Imagination Station (formerly the Center of Science and Industry (COSI)) is a non-profit, hands-on science museum located on the Maumee riverfront in downtown Toledo, Ohio. The facility has over 300 exhibits for "children of all ages."

The museum opened in 1997 as COSI. After tax levies failed in 2006 and 2007, COSI closed its doors to the public on the last day of 2007 due to lack of funding. In 2008, voters approved an operating levy to reopen the facility as The Toledo Science Center. This interim name was replaced by "Imagination Station," which opened on 10 October 2009.

History
In 1984, the Portside Festival Marketplace shopping mall opened along the Maumee River, on the site of the former Tiedtke's department store. There were hopes that the mall might revitalize downtown Toledo, but it closed in 1990. A mayoral committee appointed to find the best use for the site heard repeated community requests for an educational family attraction. The city asked COSI Columbus about its experience and resources, and subsequently the city and the Columbus organization created COSI Toledo, an independent, not-for-profit organization with a board of trustees from northwest Ohio.

A fundraising campaign raised $9.5 million, surpassing the goal by $4.5 million.
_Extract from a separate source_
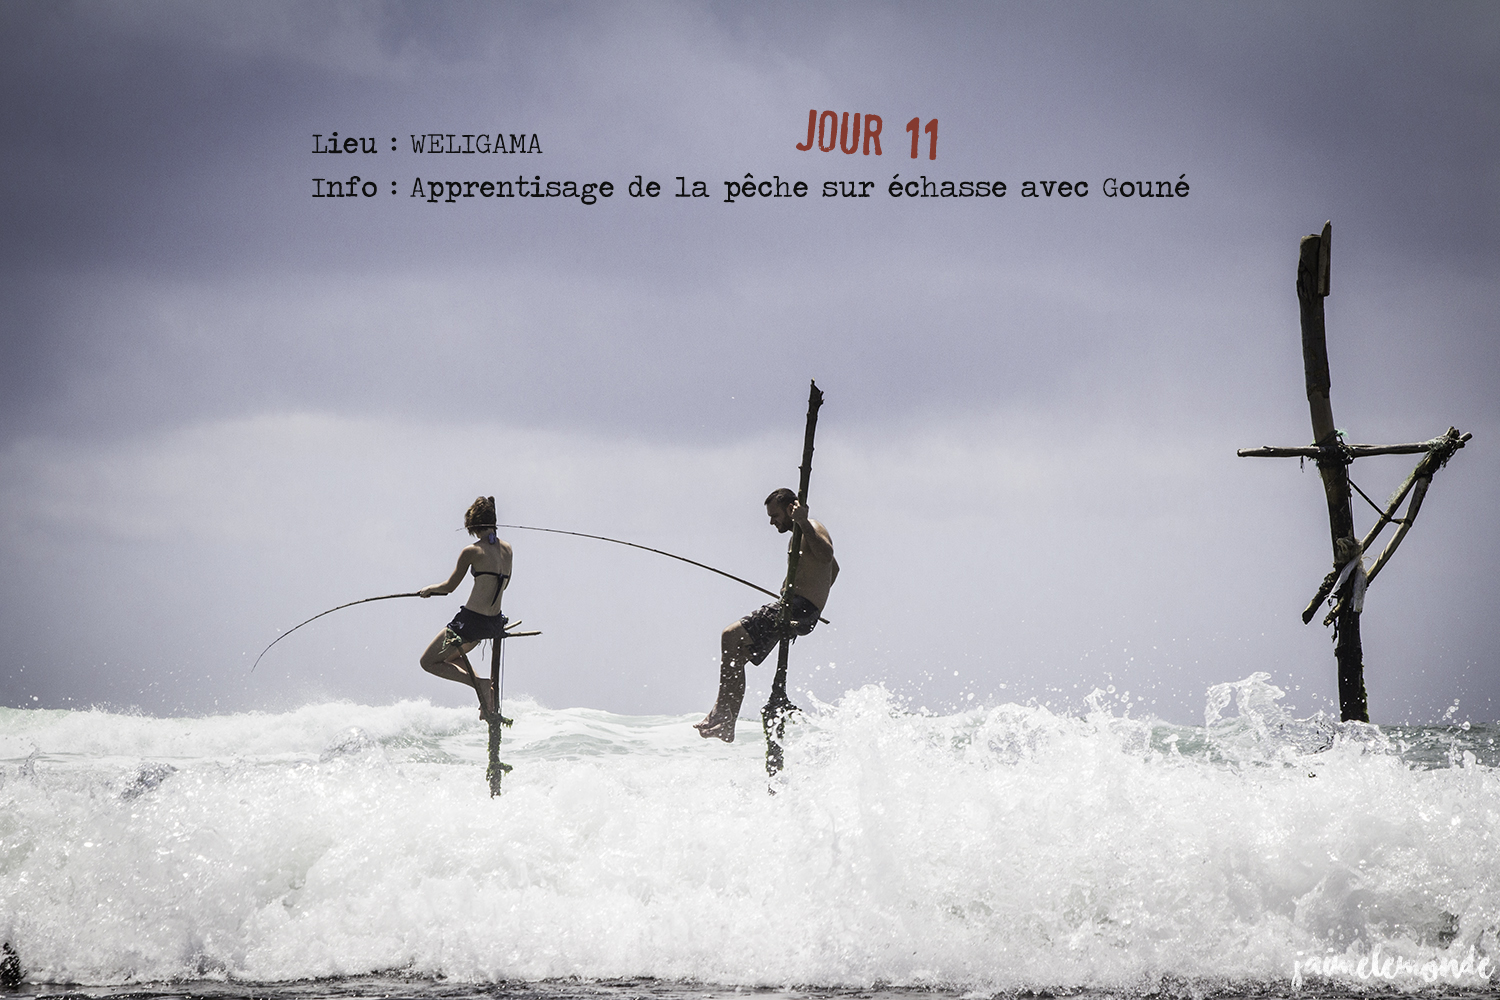 Voyage Sri Lanka - Itinéraire Jour 11 - 4 Weligama - Apprentissage de la pêche sur échasse - ©jaimelemonde

The state government gave another $10 million. The former Portside Festival Marketplace facility was transferred to COSI at a value of $16 million. On March 1, 1997, COSI opened its doors to the public. The facility attracted an average of 250,000 visitors per year over its first decade.

In 2005, COSI won a National Award for Museum and Library Service from the Institute of Museum and Library Services, the nation’s highest honor for extraordinary public service by a museum or library. The award was presented by Laura Bush at a White House ceremony in January 2006.

On July 28, 2006, COSI Toledo and COSI Columbus legally split so each could focus on their own financial troubles. Later that year, Berrien Springs Public Schools awarded a 2006 Teachers' Choice Awards to COSI for its distance learning program. After voters voted down a second levy in November 2007, COSI Toledo closed due to lack of funding on December 31, 2007.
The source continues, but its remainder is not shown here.